Editor’s Note – This essay was subsequently published as: Dillon, R.T., Jr. (2023b) What is Melania edgariana? Pp. 73 - 79 in The Freshwater Gastropods of North America Volume 6, Yankees at The Gap, and Other Essays. FWGNA Project, Charleston, SC.
If you follow the FWGNA blog on a regular basis, bless your
heart, it is possible, indeed likely, that a terrible revelation has by now
dawned upon you. You have become
ensnared in a series of essays on shell morphological variation in the
pleurocerid fauna of the Tennessee/Cumberland that began back in August of
2019, eight episodes ago, with no end in sight.

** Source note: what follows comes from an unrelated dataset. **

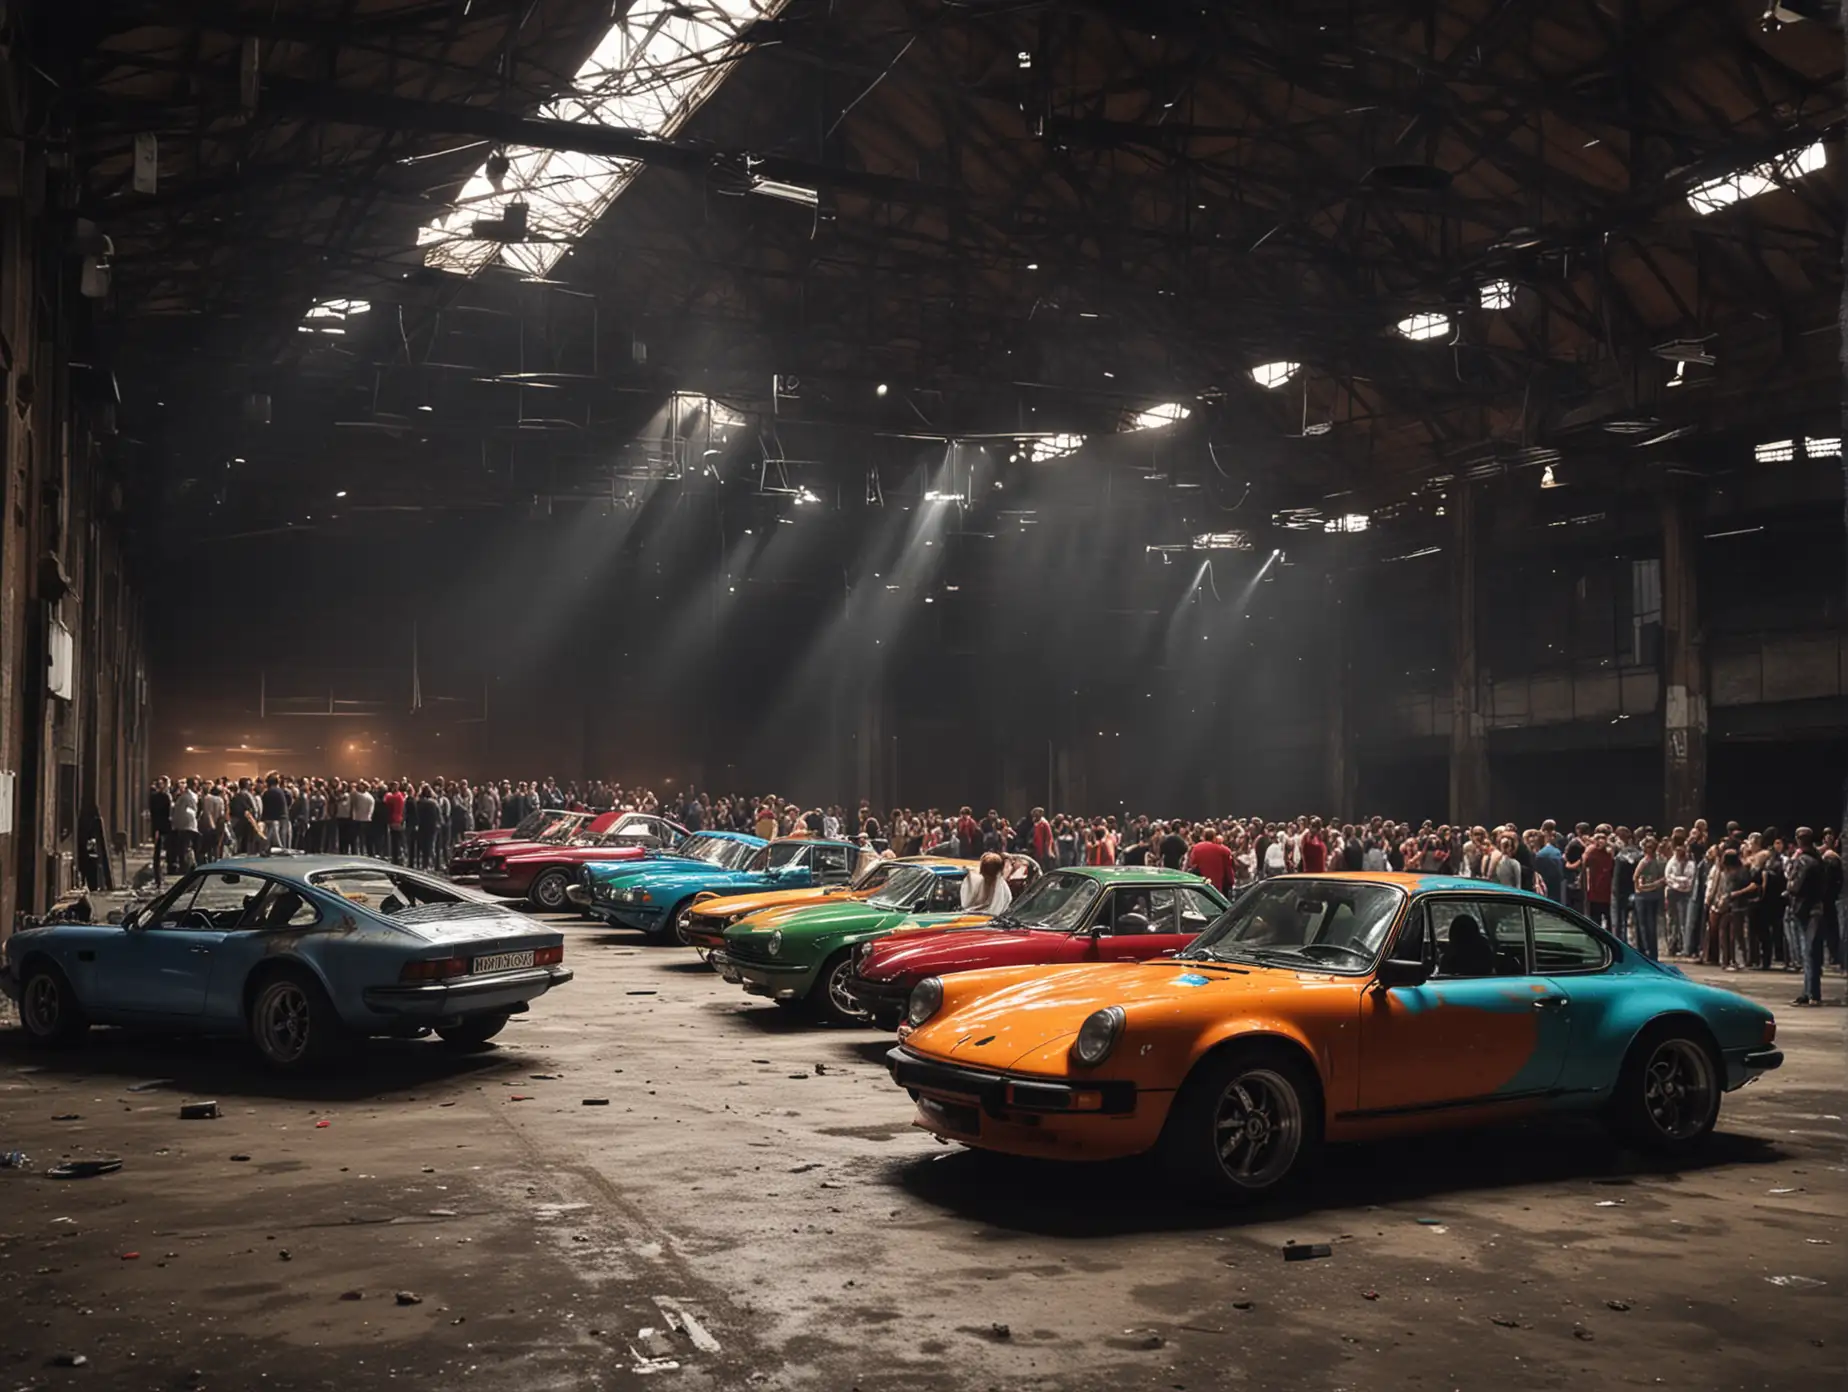 Colorful Sports Car Party in Abandoned Factory Hall with Dancing People
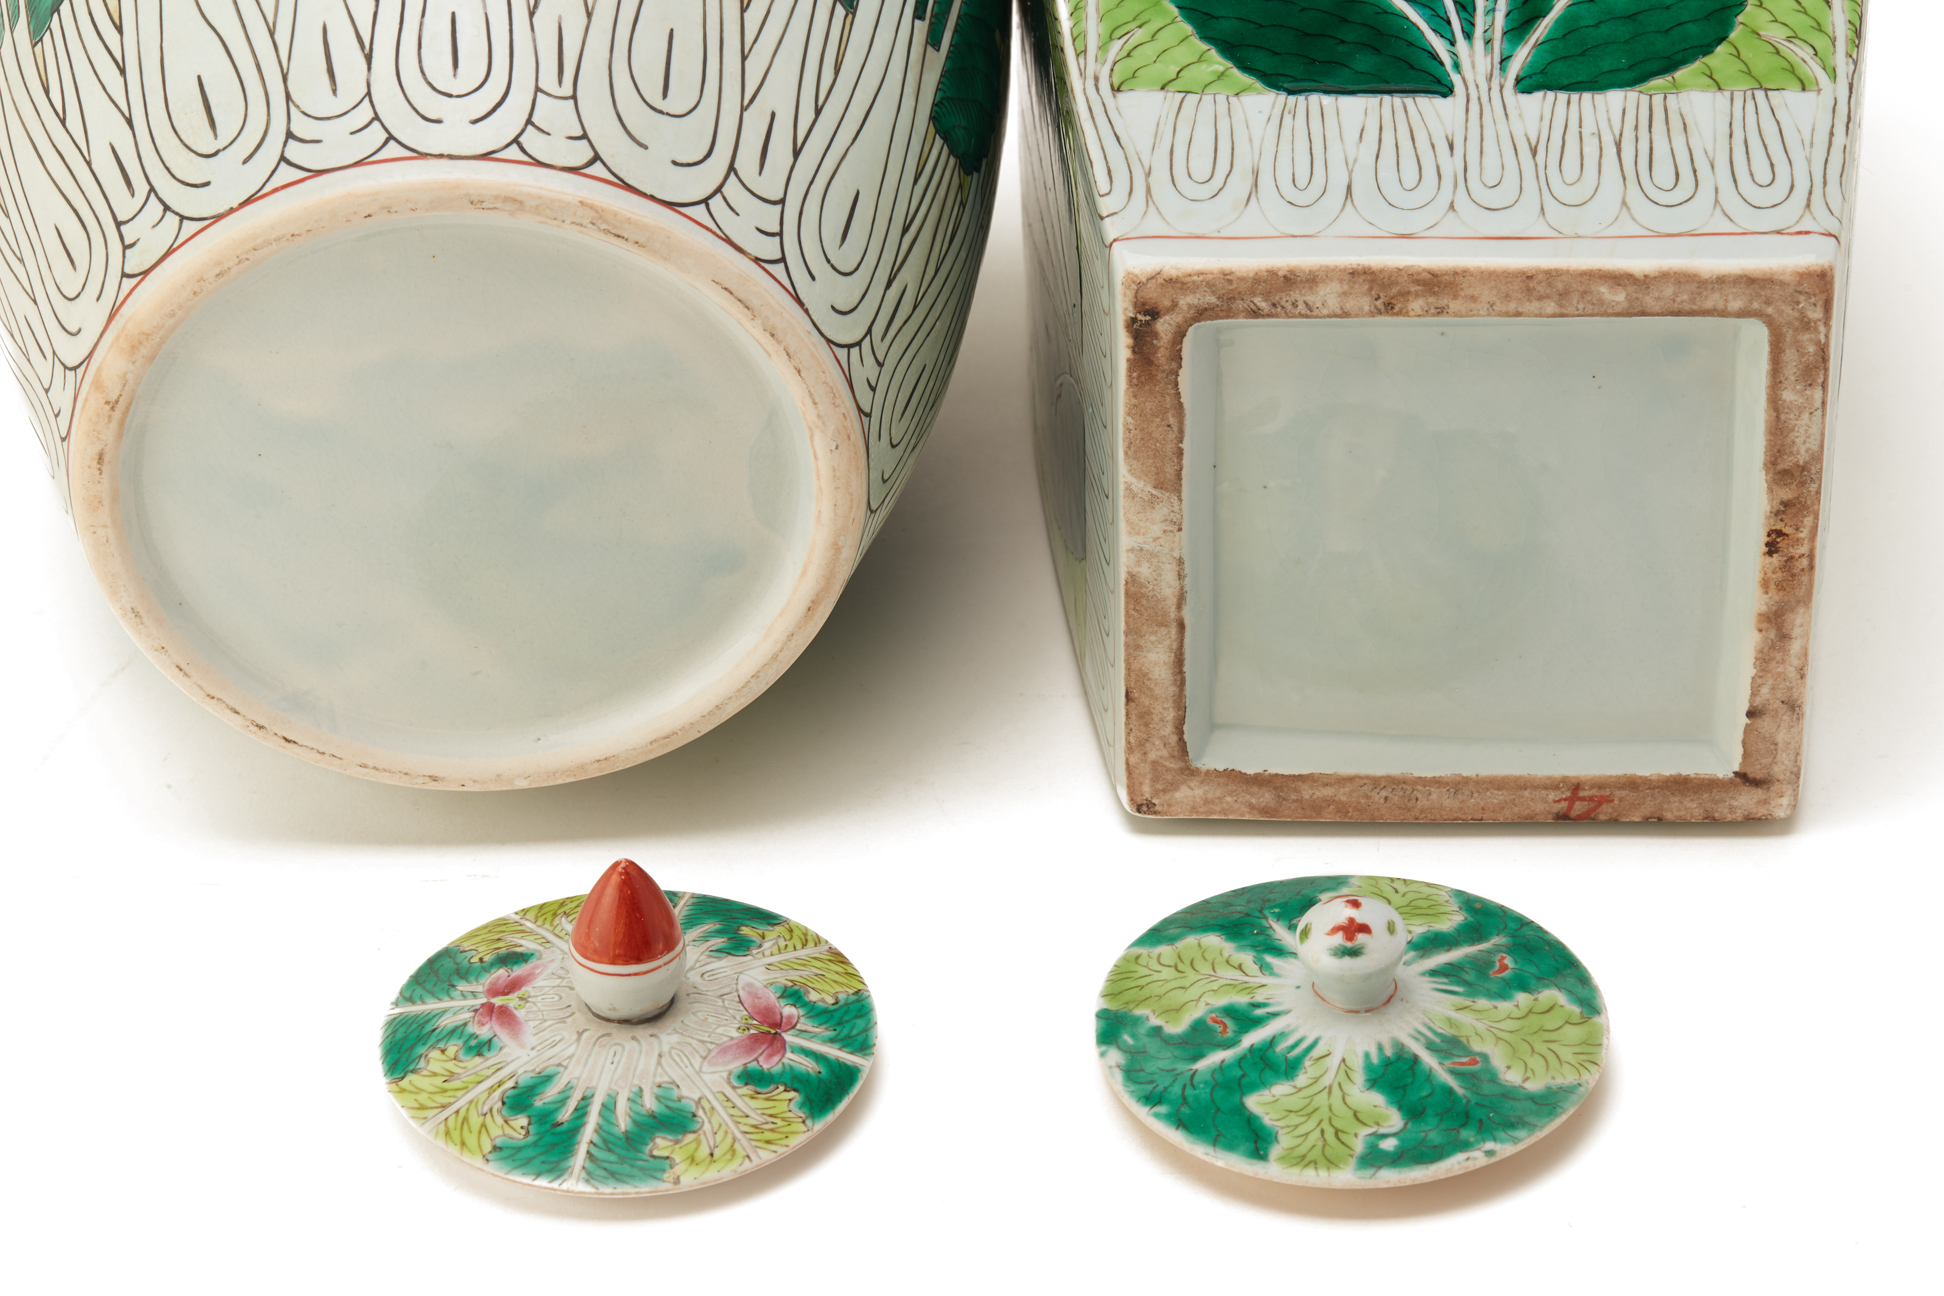 TWO CHINESE PORCELAIN JARS AND COVERS - Image 2 of 2

And even as this soggy mat of dubious science, arcane
history, and overwrought pontification has unrolled these many months, the
supercilious weaver who labors today to augment its warp and weft expects you
to remember threads now gone, and appreciate patterns as yet emerging.
But he will deign to refresh your memory, briefly. In August we heard the story of Captain S. S.
Lyon, who in 1862 sent a sample of pleurocerid snails collected from Cumberland
Gap to the eminent scientist Dr. Isaac Lea in Philadelphia. Although Lea gave four new names to this
collection of snails, the evidence available to us today suggests that only two
species were actually present, best identified as Pleurocera simplex (Say 1825)
and P. troostiana (Lea 1838). And in Gap
Creek, at least, their shell morphology seemed to vary together. Both populations were dwarfed upstream and
typical downstream, demonstrating the phenomenon we abbreviate CPP, for
“cryptic phenotypic plasticity,”
In September and October, we learned that populations of P.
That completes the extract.